Старый циник Фил иронично кивнул и устало глотнул полусухое вино 10-летней выдержки. Он, впрочем, и не сомневался, что речь в беседе пойдёт исключительно о деньгах.

– Так вот, месье Шантор (прожжённый политик, тем не менее, замялся на секунду) – идёт Вторая Мировая. Франция, Бельгия и Голландия пали, Великобритания, в лучшем случае, способна лишь удерживать свои границы – и то, до поры-до времени, я полагаю. А пакт Молотова – Риббентропа – филькина грамота для Гитлера. Вскоре он начнёт военную кампанию против России, чтобы затем добраться и до Америки…

Шантор усмехнулся. В этой усмешке сквозило неприкрытое презрение. Но направлено оно было не на собеседника, а тех, кто вершит «большую геополитику».

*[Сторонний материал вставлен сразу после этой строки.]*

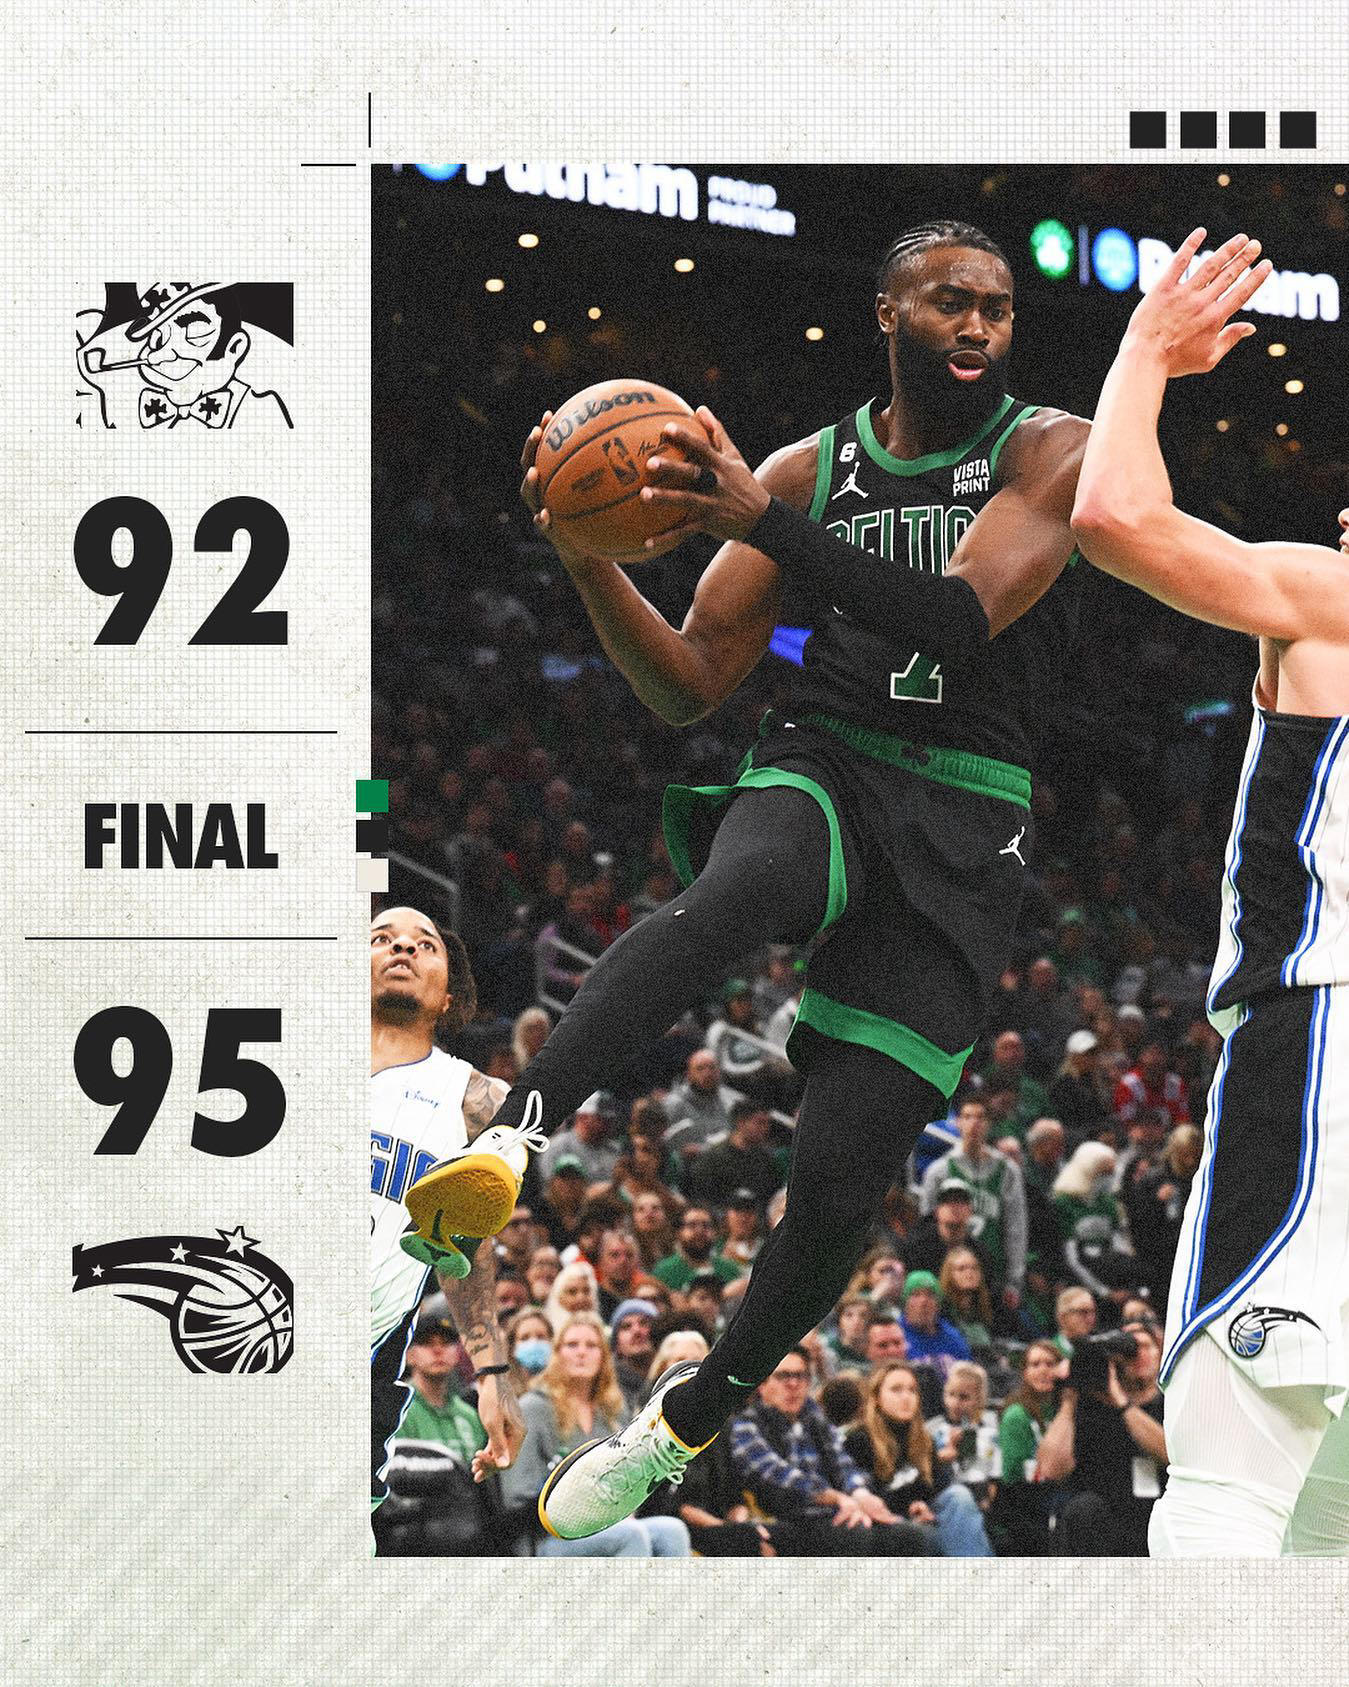 Boston Celtics - Final score

– Мистер Робертсон, я читаю газеты. Более того, в подобном развитии событий я не сомневался ещё в дни Берлинской Олимпиады, когда Европа (исключая Черчилля) вознесла на вершину закомплексованного фанатика, а их точный ход предсказал год назад одному парижскому приятелю. Потому как у меня кое-что есть вот тут – Шантор ткнул пальцем в черепную коробку, совершенно не стесняясь своего неидеального английского и даже столь развязного тона. – Чего, увы, не скажешь о европейских политиках.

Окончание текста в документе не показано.